Dad may not deal in museum-quality antiques, but he does have high standards, and he requires that our dealers meet those standards by frequently refreshing their displays. Some of them rent space in three or four different stores, which means that they’re constantly moving things in and out and that they’re not always clear about what’s where. When we take a customer’s money, we save the tag that was on the item because it has the dealer’s ID number and the asking price. That goes into the till with the customer’s payment, whether cash, check, or plastic, and that’s when a dealer will delete it from his inventory list.

It was Martha Cook, a dealer who’s been with Dad for years, who first noticed that she was missing a small occasional table. Mass-produced, mid-twentieth century, but made of solid mahogany and in beautiful condition. Good value for the $75 Martha was asking.

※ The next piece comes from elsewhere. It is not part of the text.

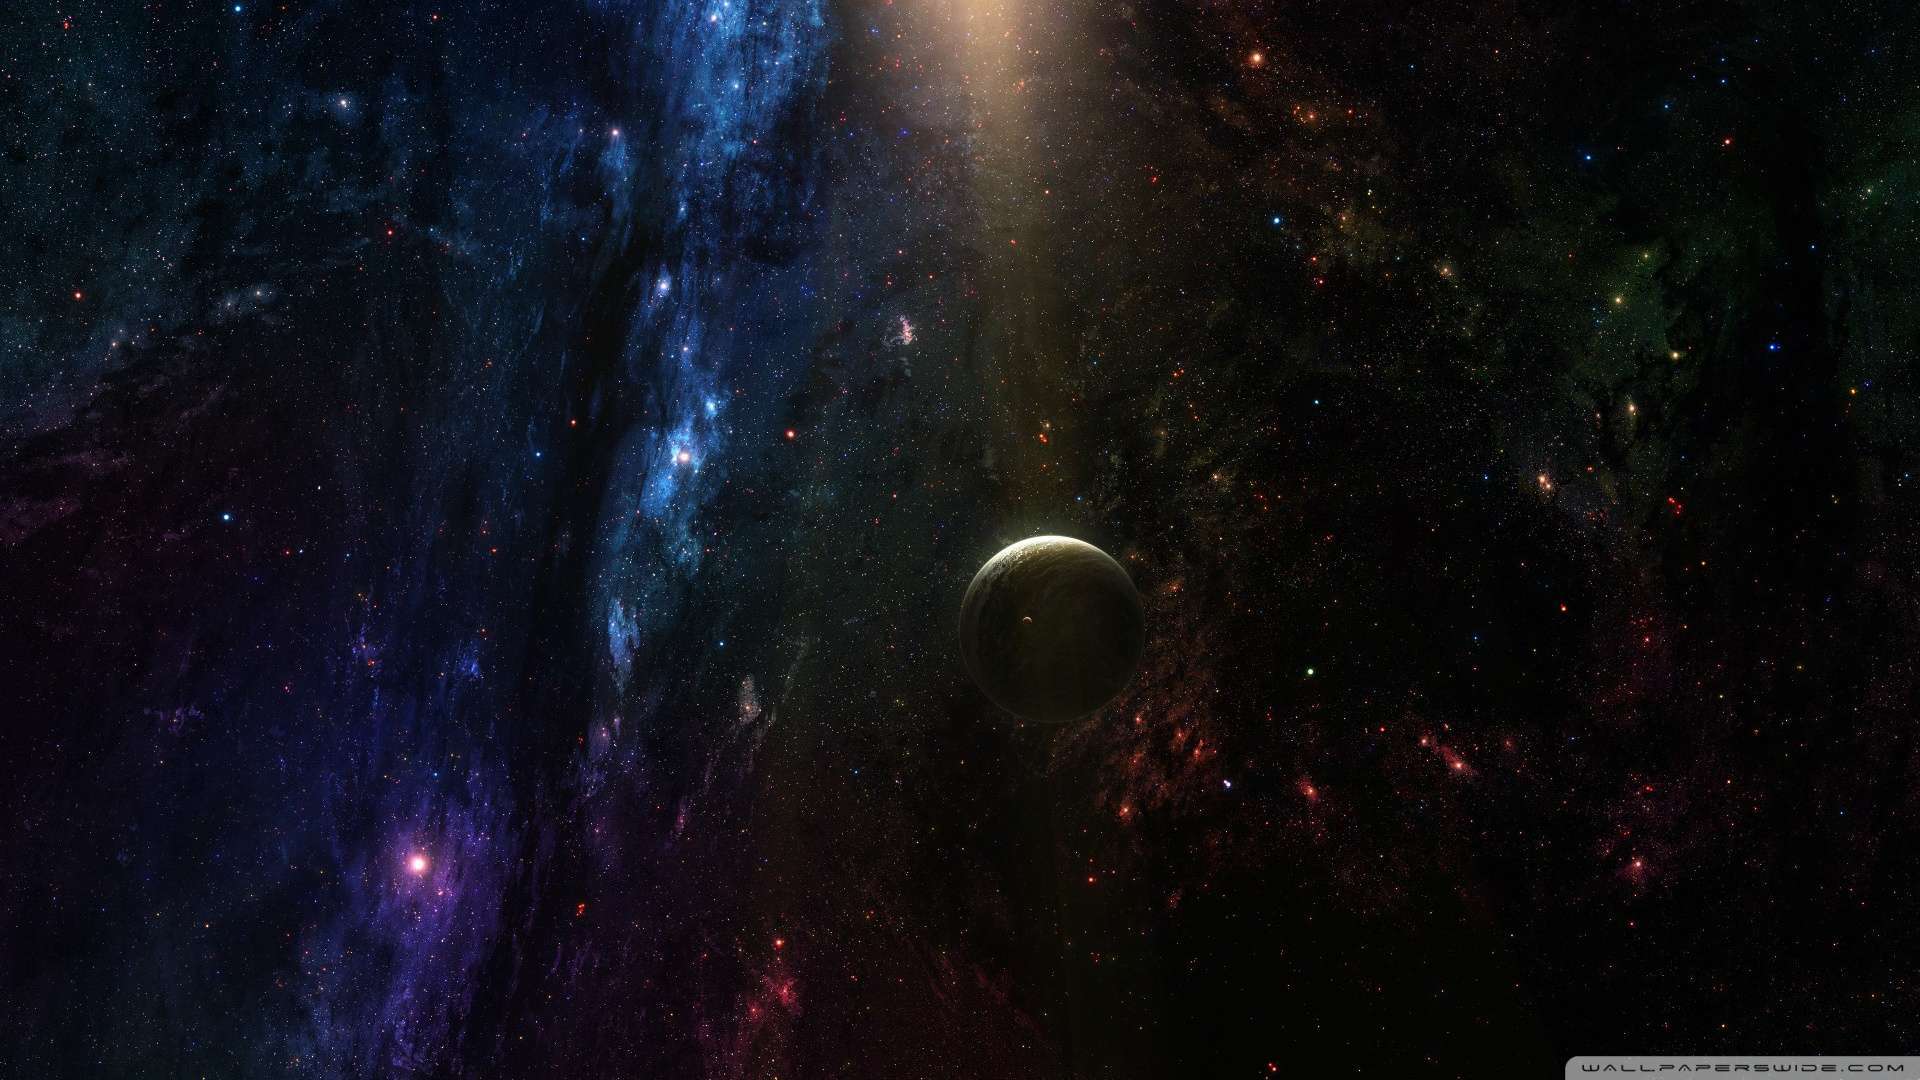 Wallpaper Pla In Deep Space 1080p HD Upload At February

Then Jimmy Weston reported that a pair of bronze bookends had vanished from his space. “Who the heck steals twenty-dollar bookends?” he asked indignantly.

“A klepto?” wondered Jane Armstead, the part-time clerk who covers for Dad when he’s on a buying trip and I’m in school. “There’s no other logic to what’s being taken.”

Jane’s a divorced freelance artist who’s put on a few pounds over the years. Her long hair is streaked with gray now, and she just coils it around and secures it to the top of her head with hairpins and a couple of ivory chopsticks. Her clothes used to be shabby chic; now they’re just shabby because her commissions have fallen off. Even though she’s worked here off and on since I was in kindergarten, Jane is a little ditzy and no expert in antiques, but she was right about the illogic of the thefts. The only thing Jimmy Weston’s bronze bookends had in common with a trio of 1930s lead soldiers, a chipped Art Deco vase, and a pair of Kendall Loring’s silver-plated candlesticks was their portability. Nor were they worth much. Except for Martha’s table, nothing was priced at over fifty dollars.